The doctors assessed the screening nodules' features of size, location, attenuation characteristics, and morphological signs. They combine these features with clinical information to determine whether the nodules are benign or malignant. Although radiologists use standard terminology, which was recognized by organizations such as the Fleischner Society and the Radiological Society of North America, to describe pulmonary nodule types and morphological features, the assessment of nodules is still subjective and empirical, and they cannot be interpreted objectively in a quantitative manner [5]. The workload of radiologists who interpret large number of chest CT scans each day can result in overlooked and incorrectly diagnosed nodules [6].

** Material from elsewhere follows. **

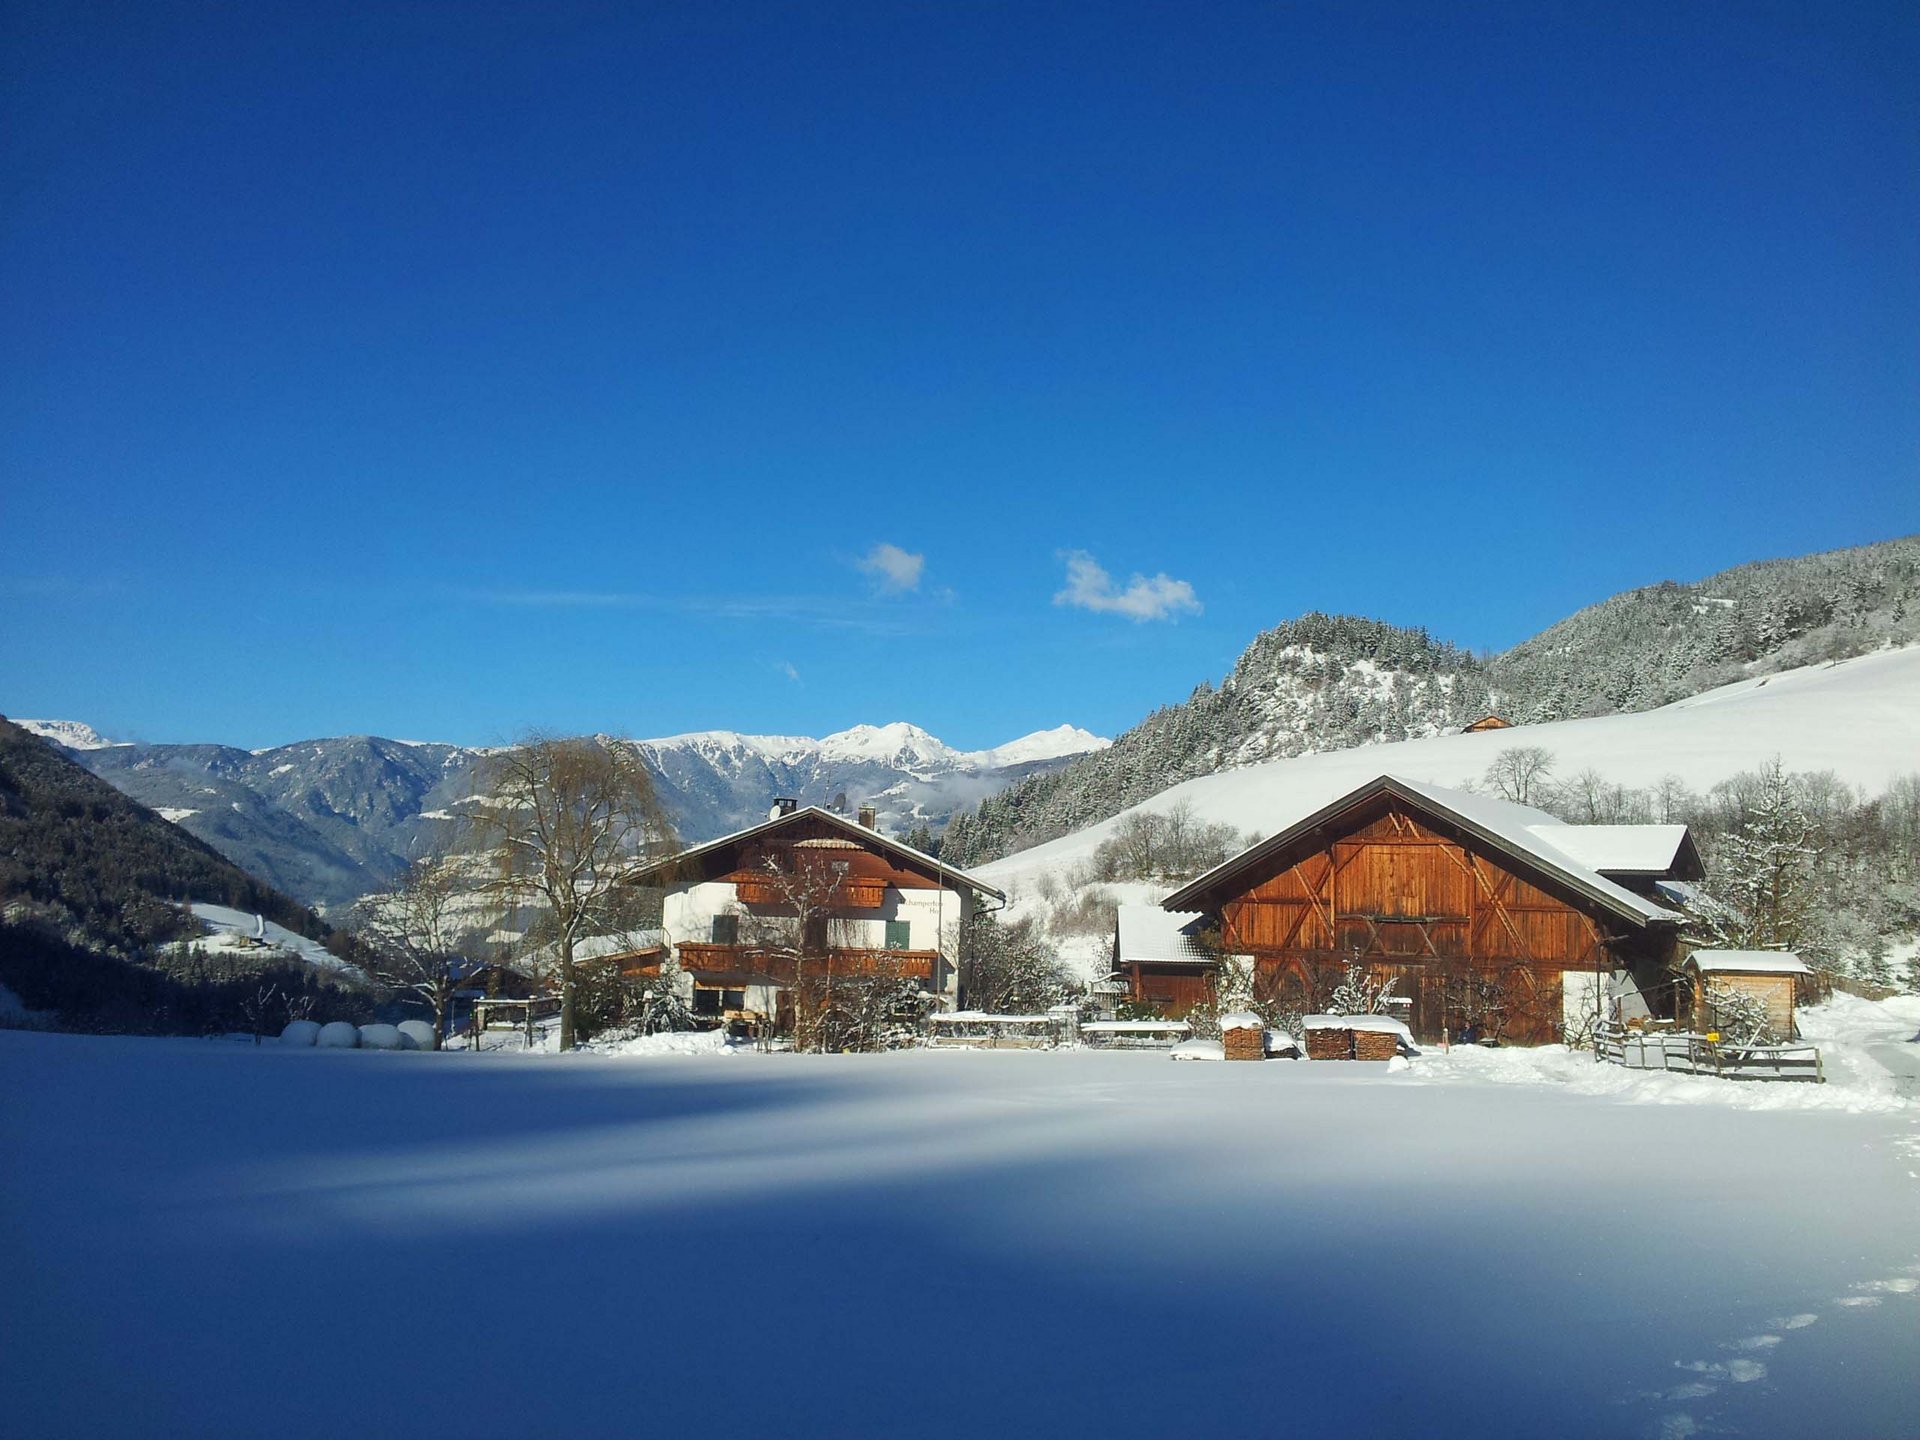 Villnöss – a dream destination in the Dolomites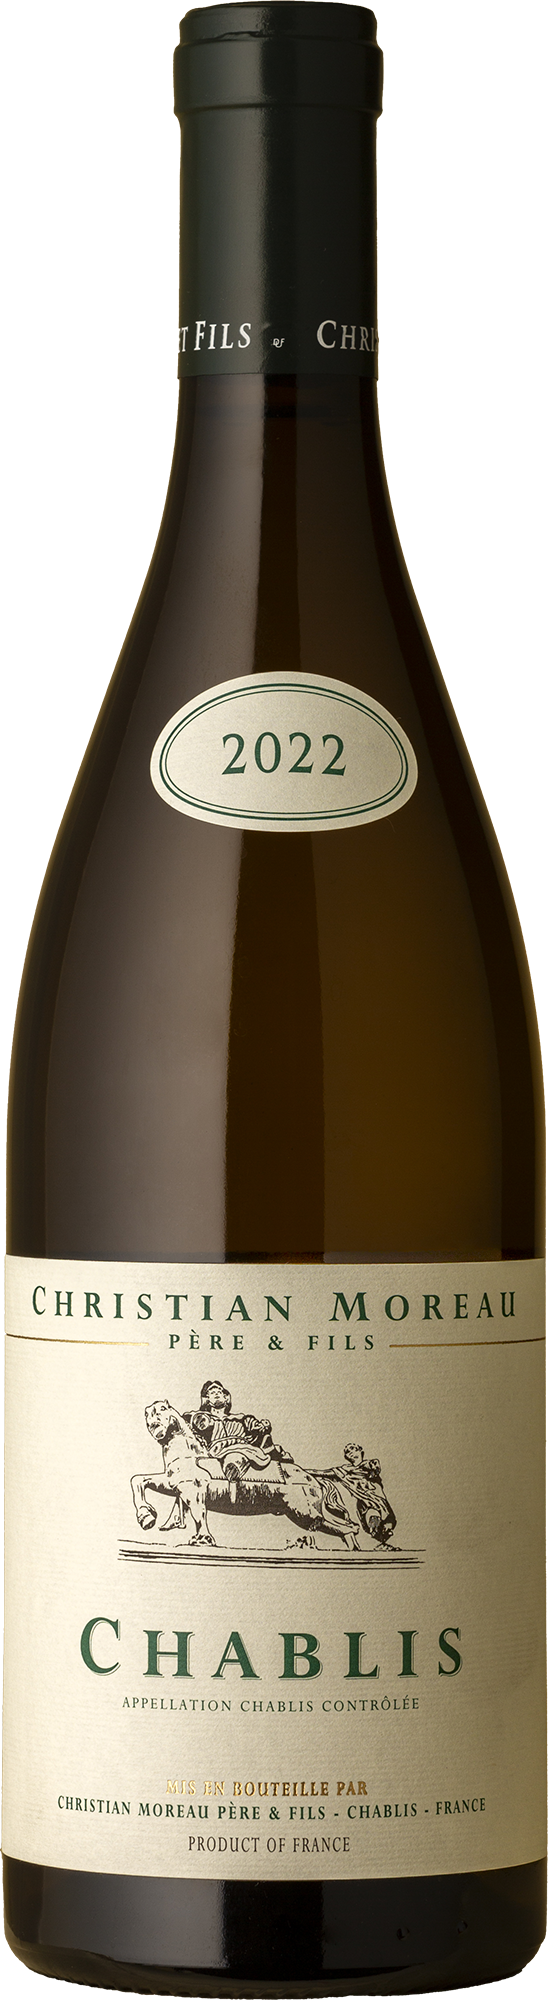 Christian Moreau - Chablis AC Chardonnay 2022 White Wine

The recent surge in artificial intelligence (AI) has resulted in rapid advancements in medical imaging. AI algorithms and functions now enable a more objective representation of lesion signs. Numerous research findings have emerged in the field of AI in medicine, particularly in pulmonary nodules. Several studies have shown that AI-assisted CT diagnostic techniques have demonstrated strong diagnostic performance in distinguishing between benign and malignant pulmonary nodules using various classification algorithms. The sensitivity ranges from approximately 78.90% to 96.00%, and the accuracy from 84.6% to 95.41% [6,7,8]. However, some algorithms are not used for large-scale lung cancer screening [9].

There is an AI-driven commercial computer-aided diagnostic(CAD) product (InferRead CT Lung, IRCL) based on a three-dimensional (3D) convolutional neural network (CNN) with DenseNet architecture. This product can detect pulmonary nodules and characterize the various properties of the nodules. This study aims to: 1) analyse the consistency of CT images of subjects with ≥ 5 mm pulmonary nodules interpreted by doctors and AI software in lung cancer screening for location, attenuation characteristics, the maximum diameter, and morphologic characteristics; 2) further compare and analyze the superiority of the two modalities, doctors and AI, in identifying benign and malignant pulmonary nodules, using pathological findings as the gold standard; 3) identify factors for predicting cancerous nodules, determine if they are consistent for nodule characteristics between doctors and the AI software, and assess the potential of an AI-driven computer-aided diagnostic system for lung cancer screening.

Materials and methods

Patients enrollment

Using the population data collected from 2011 to 2013 as part of the Beijing Science and Technology Project-Baseline Survey of Lung Cancer in Beijing and Study on Early Prevention and Treatment Strategies (Project No. Z151100002115049), an expert panel consisting of radiologists, oncologists, and thoracic surgeons simultaneously evaluated and analysed pulmonary nodules ≥ 5 mm in the study population, leveraging their clinical experience. Due to the extremely low incidence of lung cancer in individuals under 40 years of age, the subjects aged 40–74 years would process pulmonary nodule screening.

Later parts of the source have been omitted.